Os resultados do primeiro turno das eleições presidenciais produziram duas importantes novidades na política brasileira. Em primeiro lugar, a votação obtida por Aécio Neves e por Marina Silva sinaliza, pela primeira vez nos últimos doze anos, que as oposições têm uma chance real de derrotar o PT e mudar a política do país. Em segundo lugar, tão importante quanto isso, é o fato de Marina – que tende a apoiar o senador Aécio no 2º. turno – estar propondo que a unidade das oposições seja definida pela natureza dos entendimentos entre o seu grupo, o candidato e o PSDB em torno de pontos programáticos. Em muitos anos, esta também é a primeira vez que a sociedade brasileira verá uma aliança política estratégica colocar, na frente da discussão legítima sobre a ocupação de posições de governo, temas e propostas de interesse público. Algo nisso ecoa o que pediram as vozes das ruas em 2013.
A decisão de Marina Silva resulta de uma mudança importante na sua postura política. Em 2010, depois de surpreender o país e obter a aprovação de quase 20 milhões de votos para as suas posições, ela permaneceu em uma posição de neutralidade no 2º. turno, ficando vulnerável por vezes a críticas em face do que poderiam ser suas responsabilidades para influenciar os resultados finais do processo eleitoral daquele ano. Desta vez, no entanto, ela está indo mais longe, e está chamando a atenção para o que deveria definir o sentido dos próximos passos: o Brasil quer mudanças, os eleitores mostraram isso, e nem ela ou Aécio podem virar as costas para esse clamor.
Não é improvável que as agressões sofridas de parte da campanha de Dilma Rousseff tenham influenciado, em parte ao menos, a decisão dela, pois apontou para um modo brutal de fazer política que ela rechaça. Mas o sentido dos novos passos vão além disso e mostram que, como ocorre em outras culturas políticas, a experiência e o processo políticos duros e contraditórios também servem para moldar a emergência de novas lideranças democráticas. Aécio também sinalizou nessa direção ao se dispor a abrir o seu programa e examinar os pontos de convergência que os aproximam do que o país espera dessa nova fase. Há algo de novo nisso, além de puro calculo racional.

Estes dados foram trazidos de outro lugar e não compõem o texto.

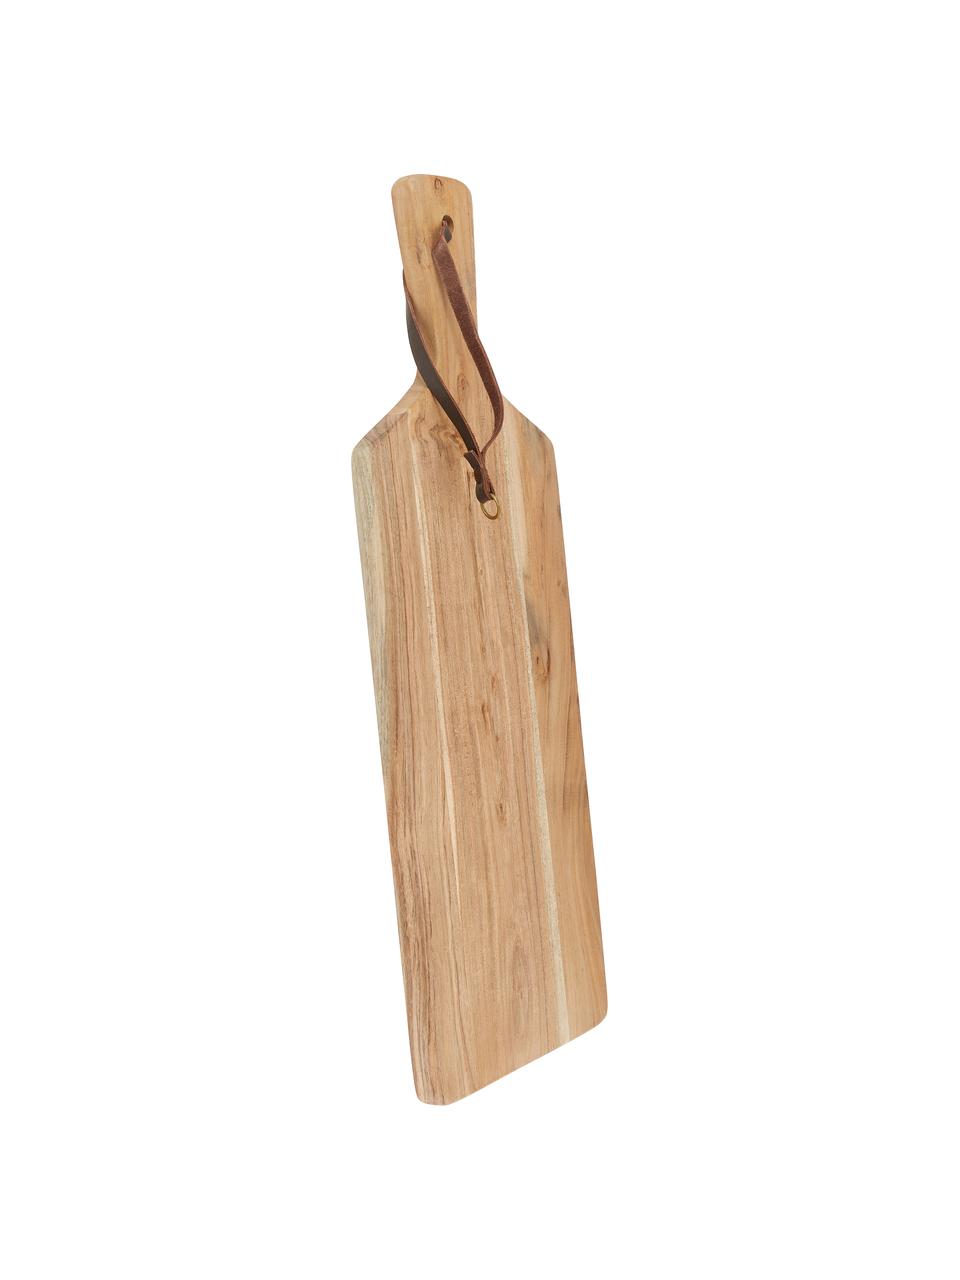 Prkénko z akátového dřeva s koženým řemínkem Acacia, různé velikosti, Akátové dřevo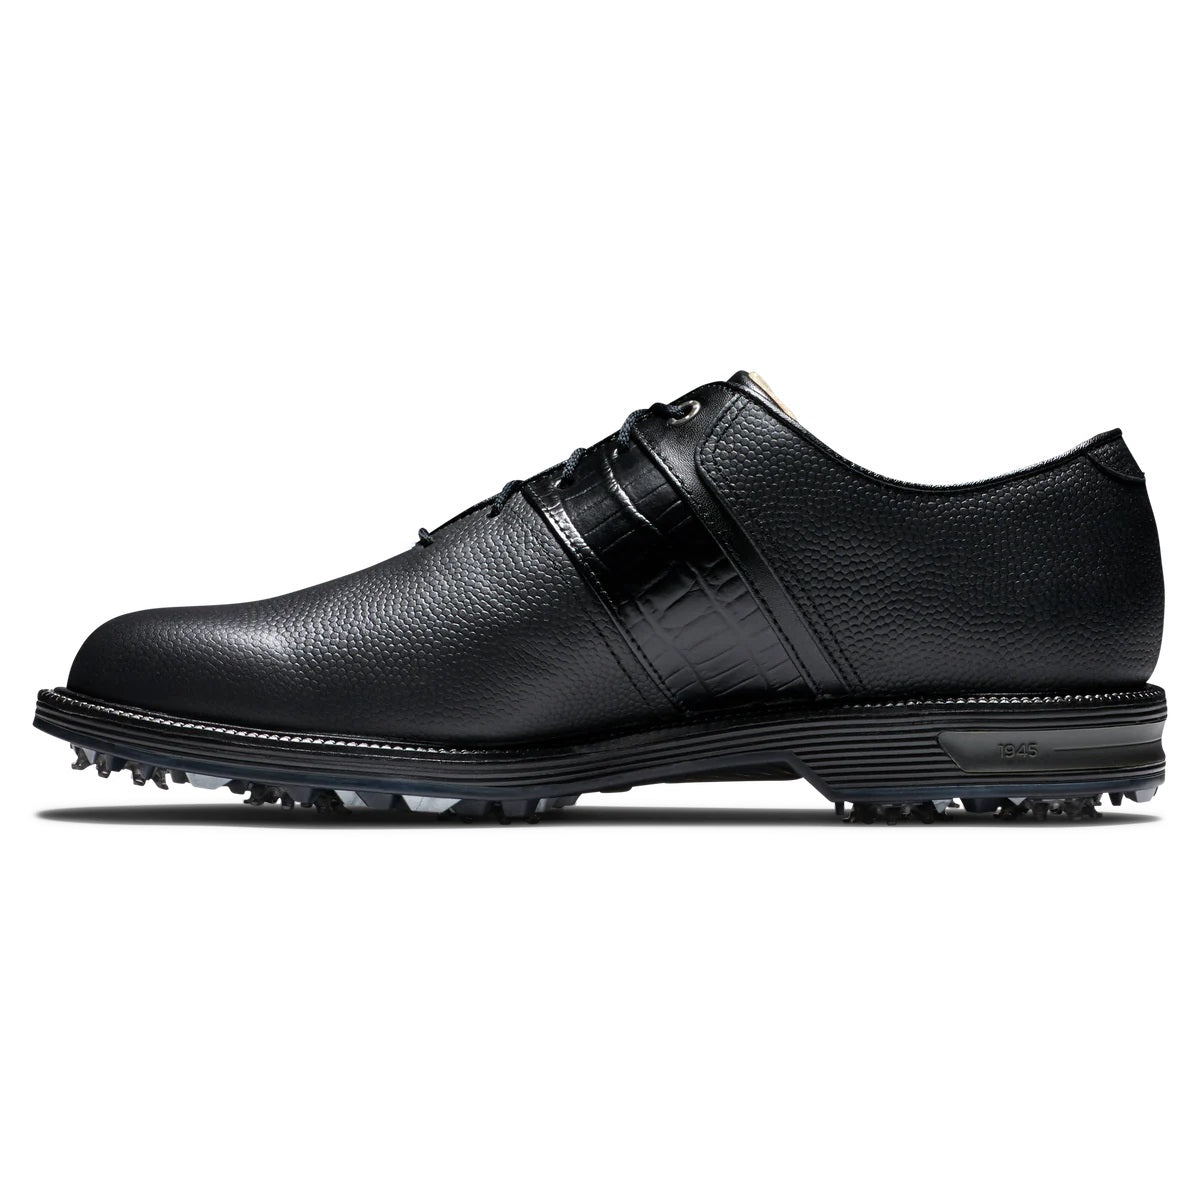 FootJoy Premiere Series Packard Mens Golf Shoes Black 53924

Que pontos estarão em jogo na negociação? Em primeiro lugar, a necessidade de o país voltar a crescer para reduzir as desigualdades de forma efetiva, mas sem omitir o exame crítico das implicações do crescimento para o desenvolvimento sustentável. Ambos também sustentaram a necessidade de se dar um basta à conivência com a corrupção e aos retrocessos que marcam a ação do governo do PT nos últimos anos: a confusão entre partido e Estado e a cooptação de organizações da sociedade civil. Também estará no centro do debate a necessidade de o país superar a ineficiência e as distorções dos serviços públicos, os déficits de acesso a direitos fundamentais, e as exigências que isso traz para as políticas de educação, saúde e segurança pública. A janela de oportunidades está aberta, cabe a ambos saber aproveitá-la.
Fonte: O Estado de S.Paulo, 22/10/2014.